*What the exercise asks:* Keep the pictures out, and restate the listing that follows exactly as written.

*The data:*

┄┄┄┄┄┄┄┄┄┄

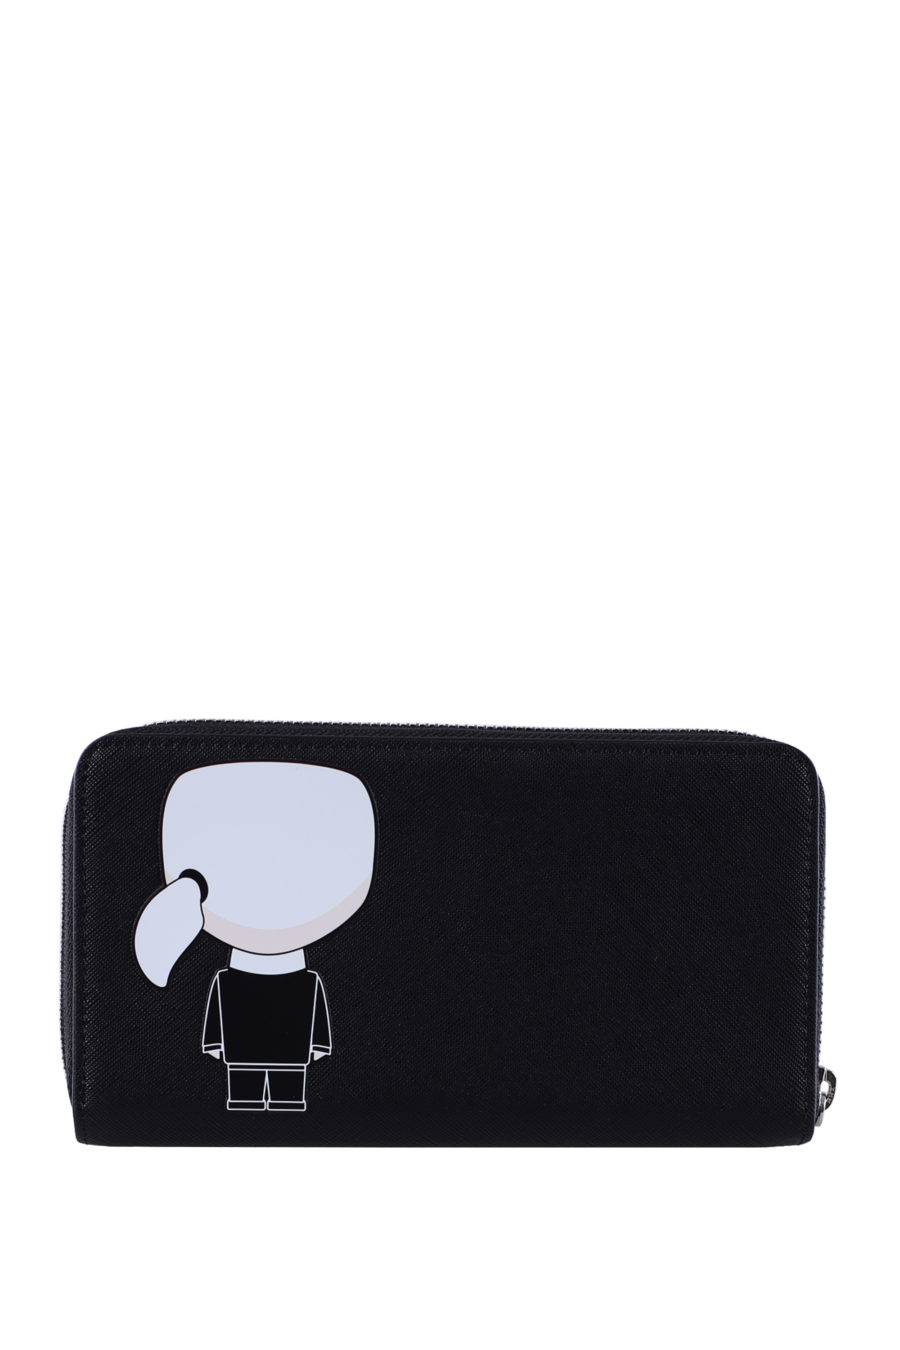 Black zipped wallet with brand logo - IMG 0031
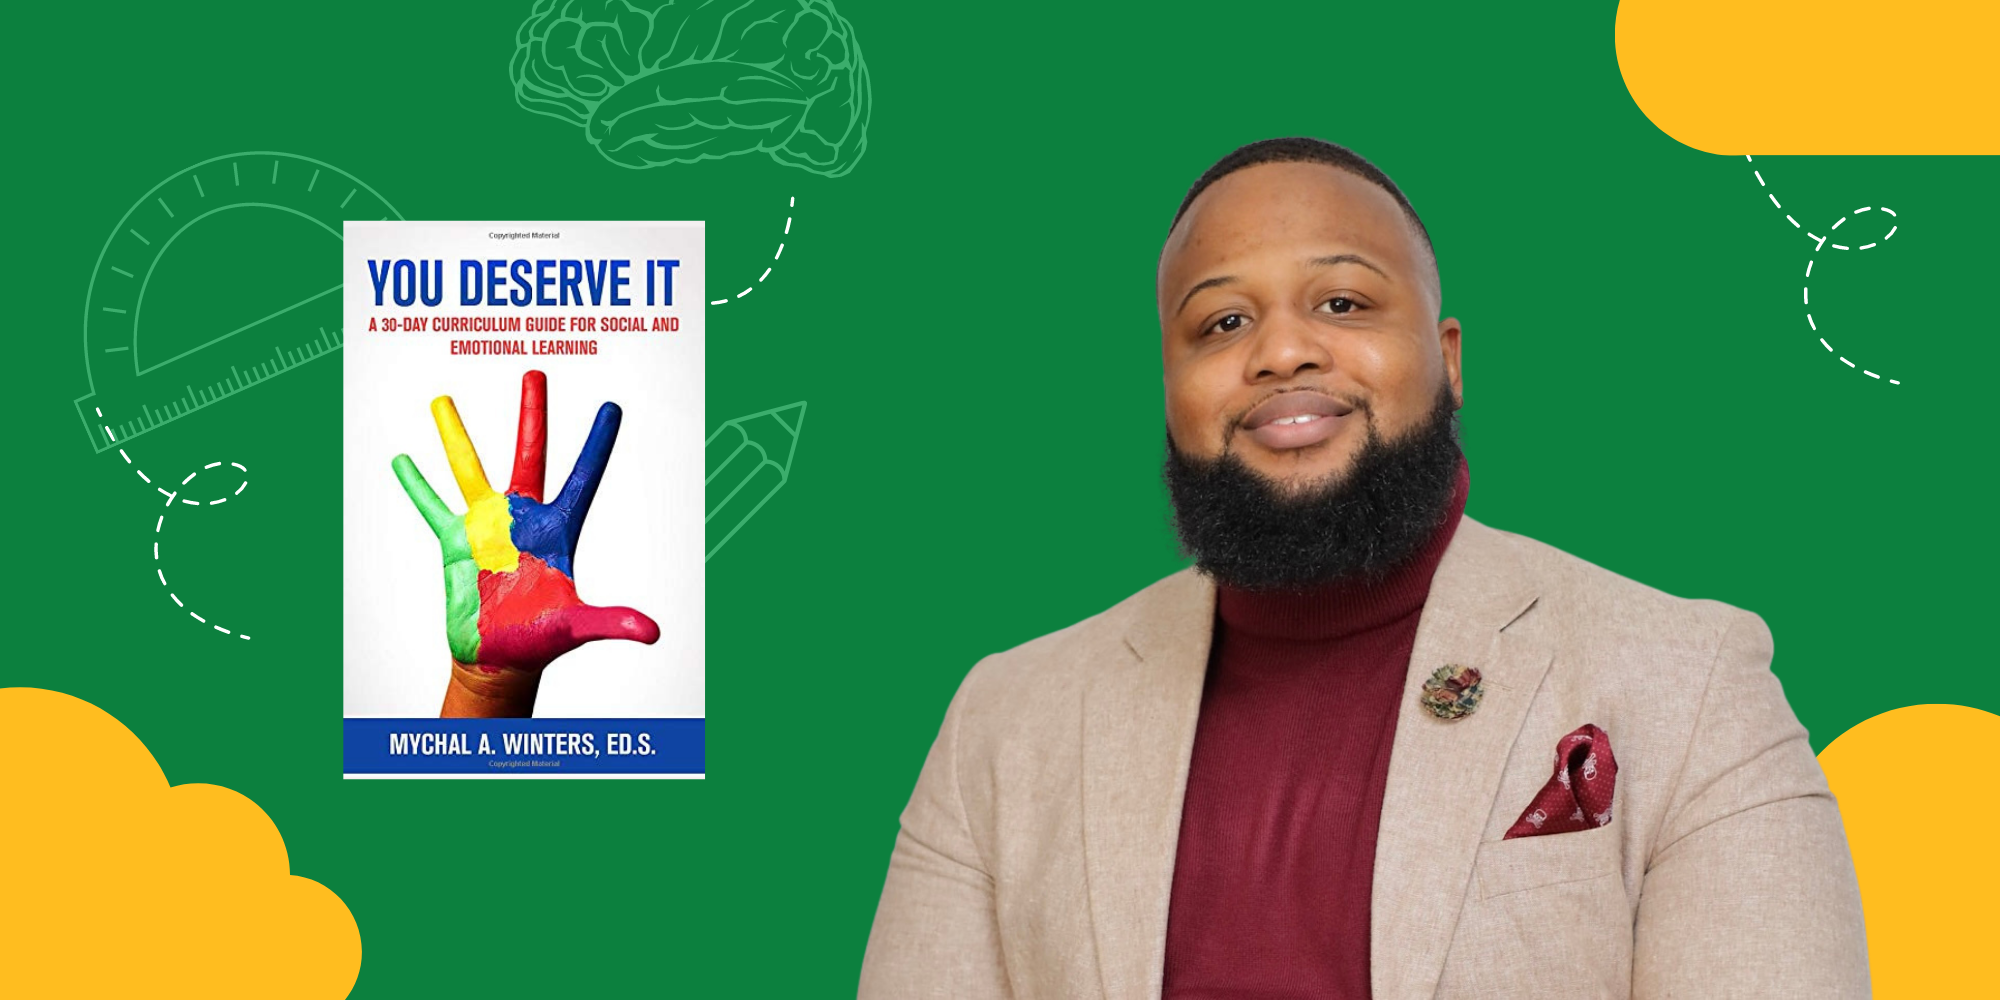 Mychal is smiling and wearing a tan blazer next to his book, You Deserve It: A 30-Day Curriculum Guide to Social and Emotional Learning
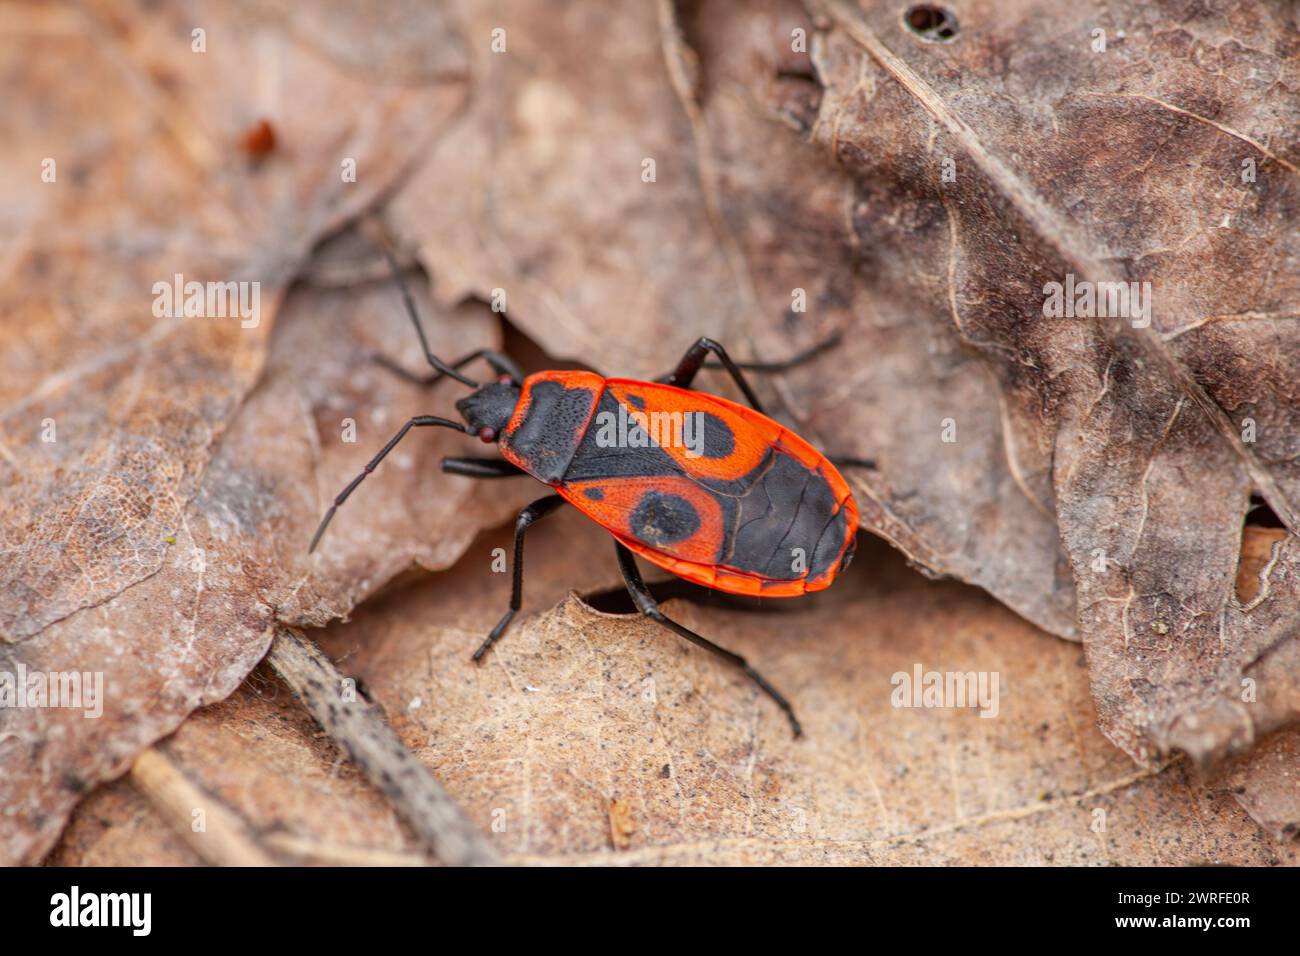 A red beetle, a type of insect and arthropod, is perched on a mound of leaves. It may belong to the family of shield bugs or scentless plant bugs Stock Photo

┄┄┄┄┄┄┄┄┄┄

*Result below:*
 Black zipped wallet with brand logo - IMG 0031
 Mychal is smiling and wearing a tan blazer next to his book, You Deserve It: A 30-Day Curriculum Guide to Social and Emotional Learning
 A red beetle, a type of insect and arthropod, is perched on a mound of leaves. It may belong to the family of shield bugs or scentless plant bugs Stock Photo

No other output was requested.